There are many factors that may contribute to a running related injury (RRI). A past history of a previous injury is significant risk factor (1), and a high Q-angle has also been associated with running injuries in a recent systematic review (2) – see Figure 1. Other lower limb alignment characteristics such as leg length, foot arch high, and subtalar (rear foot) angle may also contribute to running injuries.
Figure 1 – Q-angle (Image: physio-pedia.com)
A study recently published in the European Journal of Sport Science (3) has added to the pool of evidence with some interesting results.
A group of 89 Brazilian recreational runners (average age 44 years, 35 km per week, 76% male) were recruited for a 12-week prospective study.
Runners were assessed at baseline for;
- Baseline survey (demographics, previous injury, running experience, frequency, mileage, duration, velocity, & shoe type)
- Leg length discrepancy (ASIS to medial malleolus)
- Q-angle (goniometer)
- Subtalar angle (Digital photo analyzed with AutoCAD software)
- Plantar arch index (digital photo on a podoscope analyzed with AutoCAD software)
Runners also had to meet some inclusion criteria; including that they were over 18 years of age, had been running on a regular basis for at least 6 months prior to the study, and that they were free of any health conditions that precluded them from running – including any musculoskeletal injuries.
The runners were followed up six times over the 12-week study period. During the trial, runners ran on average 3 times per week with a median distance of 29 kms per week.

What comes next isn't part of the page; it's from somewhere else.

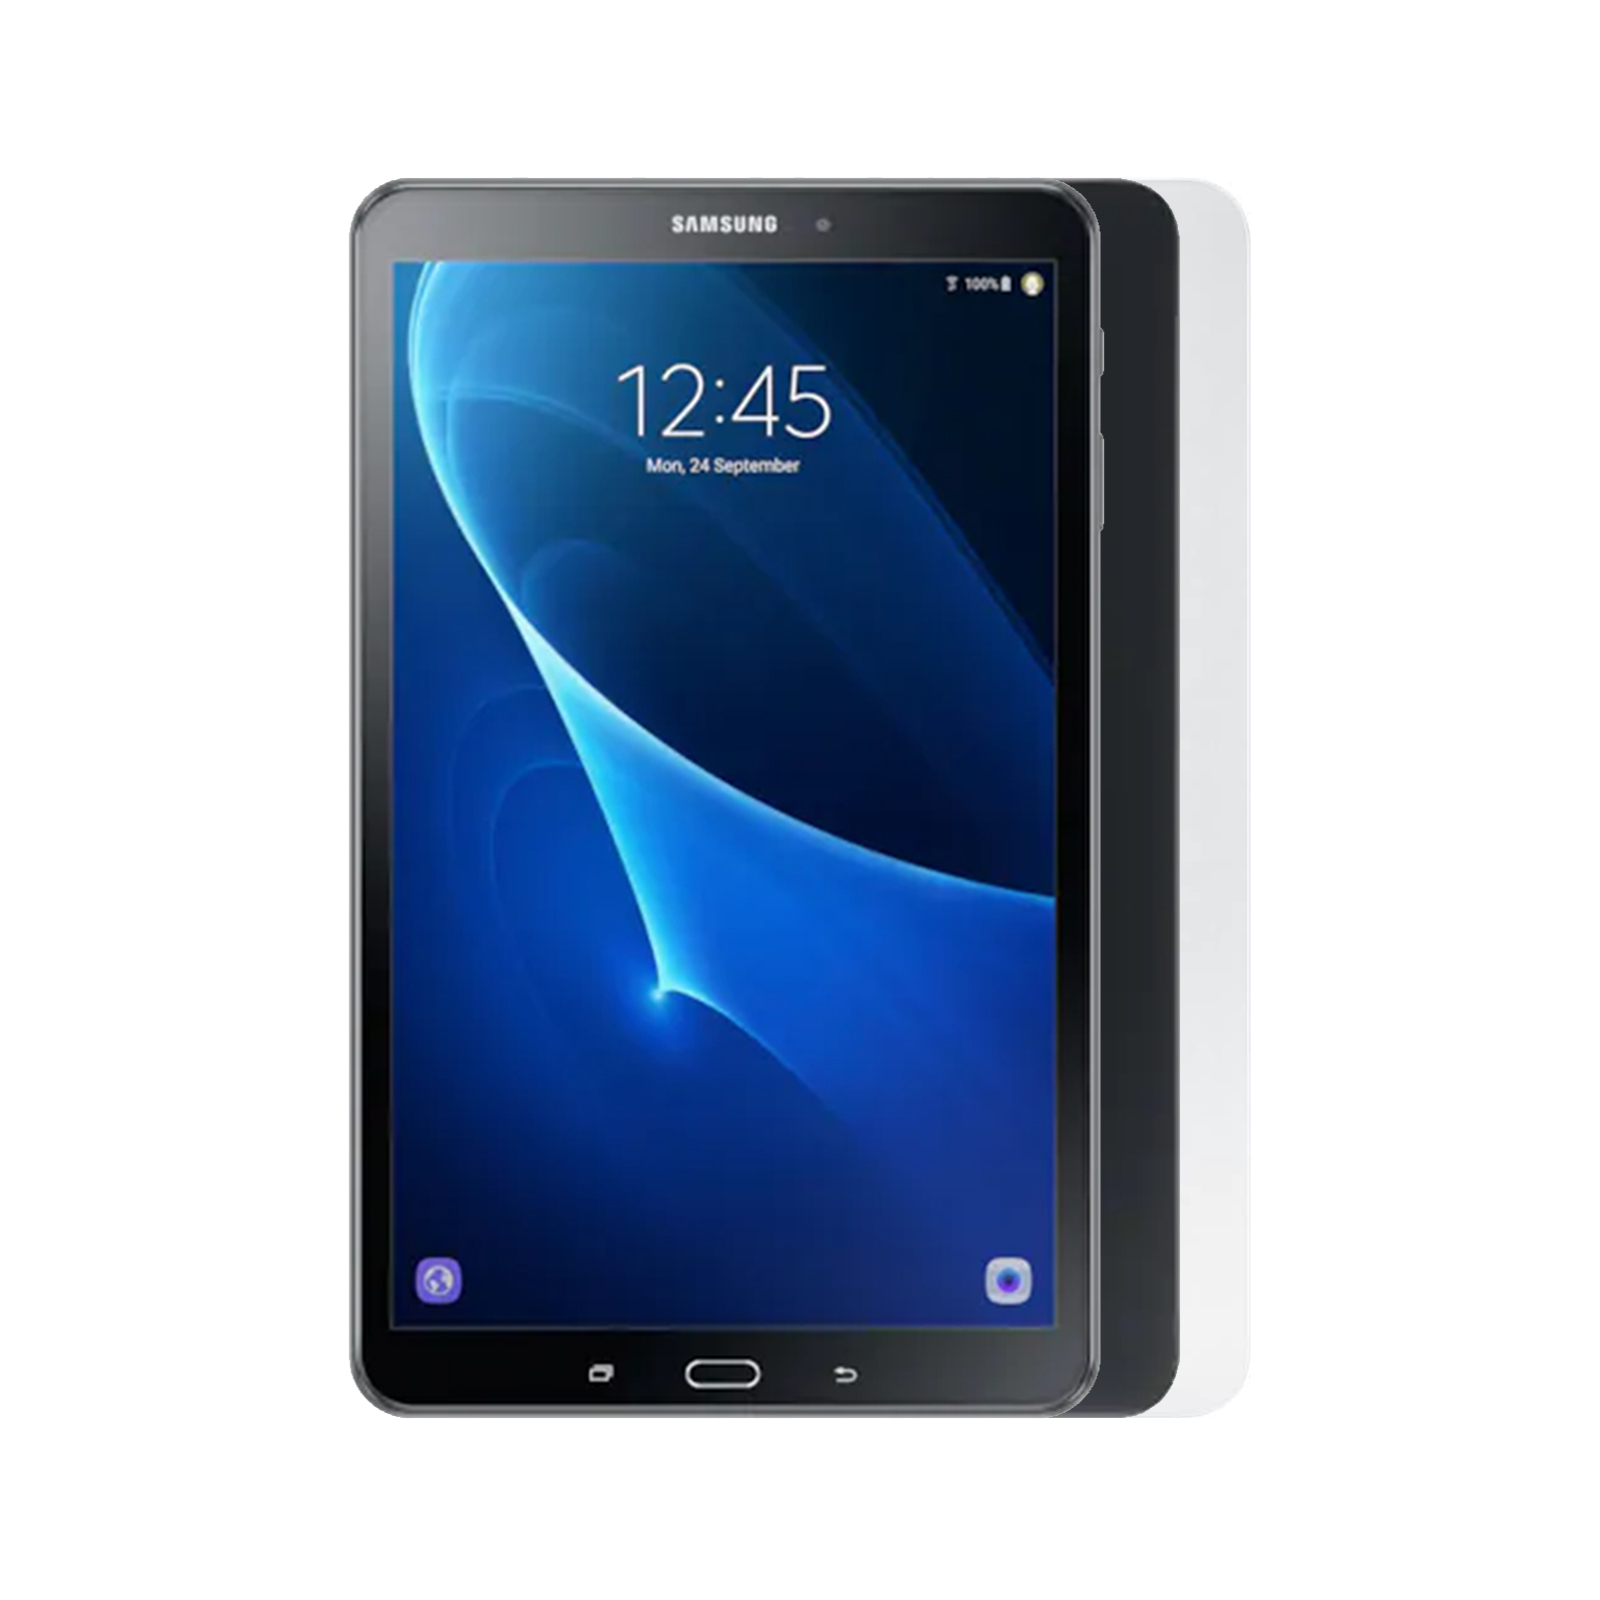 Samsung Galaxy Tab A 10.1 T580 - As New
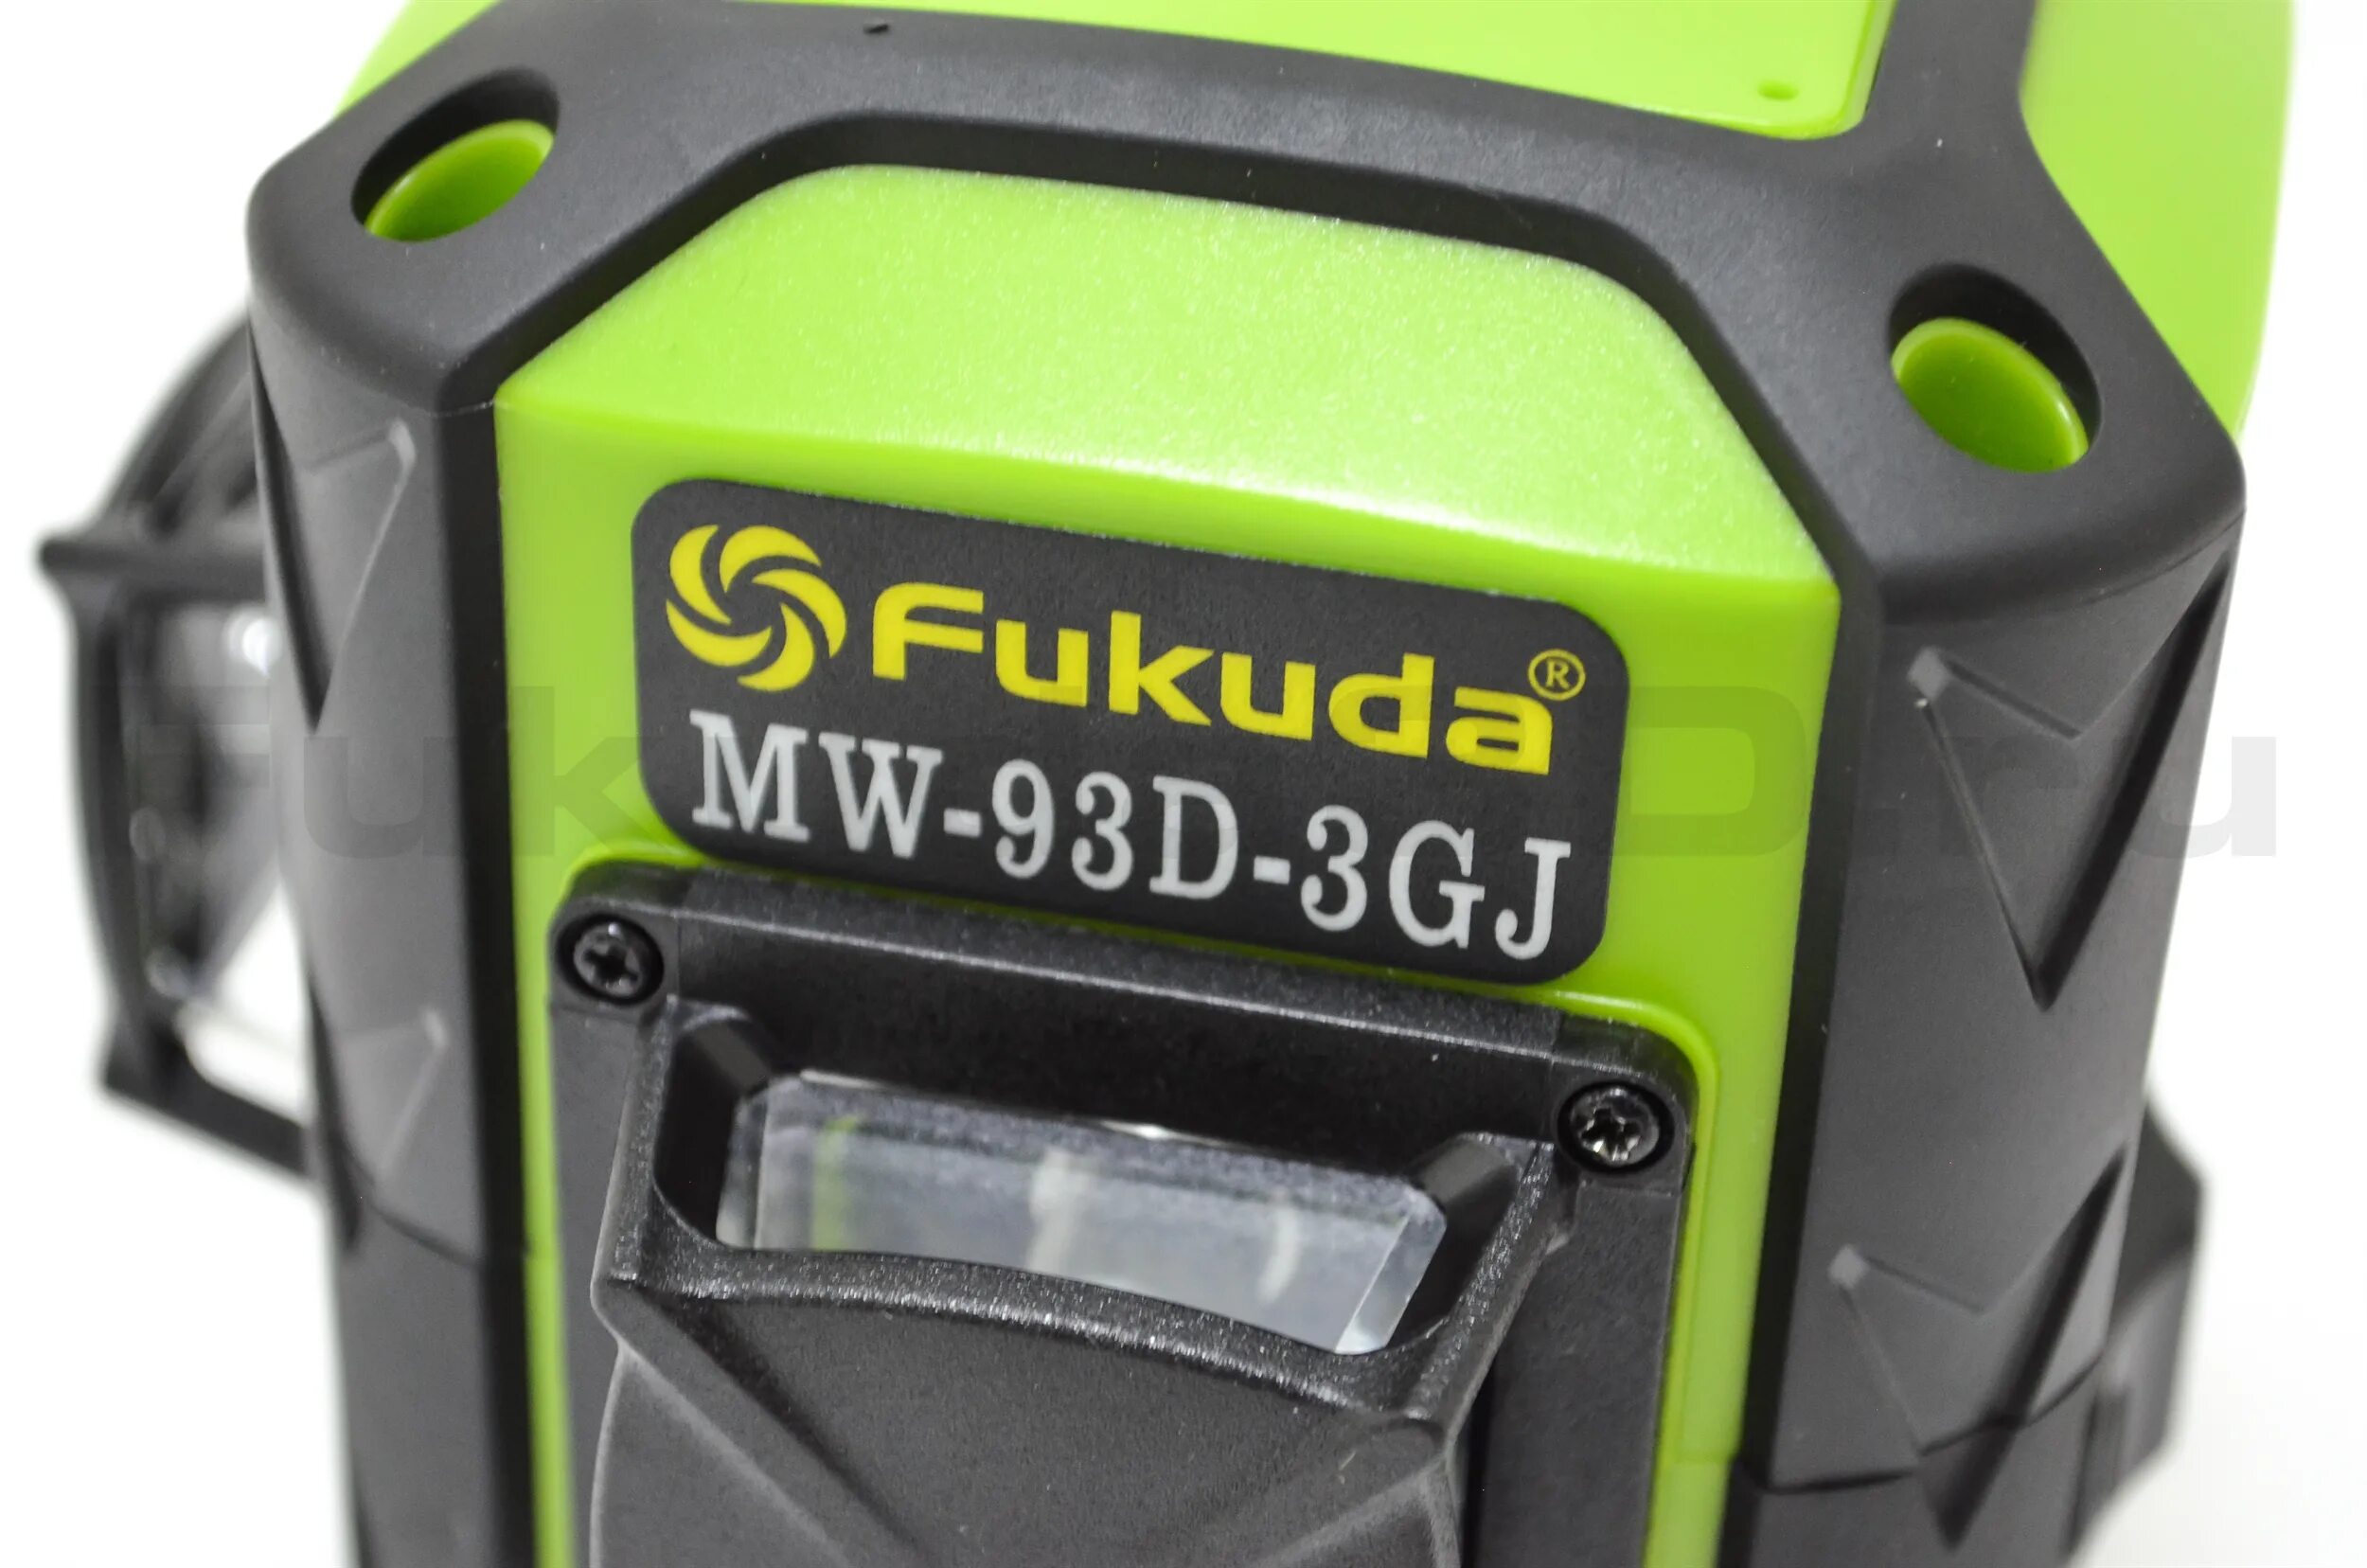 Фукуда купить лазерный. Лазерный нивелир Fukuda. Fukuda 3d MW. Fukuda MW-93d-3gj. Fukuda mw300d-3gx.

This study also demonstrated a high RRI incidence with 55% of participants having had a previous running related injury. During the 12-week trial, 27% of the runners sustained an RRI, with a little over ¼ of these ‘new’ injuries being recurrences of old injuries. Muscle injuries and tendinopathies were the main type of injuries observed.
The main aim of this study was to assess any relationship between lower limb alignment and RRI. No significant relationship was observed between an injury and any measure of ‘alignment’ – limb length, Q-angle, subtalar angle, or plantar arch index (foot position).
There are a couple of important things to note about this study. Firstly, the participants are ‘recreational’ runners, running only 30-35km per week, so the injury profile of this group may be different to marathoners or elite runners. Secondly, the study only recruited and assessed 89 people – not bad, but it may not have enough power and sensitivity to detect the relationship between some injuries and lower limb alignment.
What I like about this study is that it used common clinical measures to assess lower limb alignment. Many health practitioners use some of these static measures such as foot position, altered leg length, or a high Q-angle as a reason for a running related injury. The results of this study suggest that’s not the case in recreational runners.
1. Junior, Luiz Carlos Hespanhol, Leonardo Oliveira Pena Costa, and Alexandre Dias Lopes. "Previous injuries and some training characteristics predict running-related injuries in recreational runners: a prospective cohort study." Journal of physiotherapy 59.4 (2013): 263-269.
2. Saragiotto, Bruno Tirotti, et al. "What are the main risk factors for running-related injuries?." Sports medicine 44.8 (2014): 1153-1163.
3. Hespanhol Junior, Luiz Carlos, et al. "Lower limb alignment characteristics are not associated with running injuries in runners: Prospective cohort study." European Journal of Sport Science (2016): 1-8.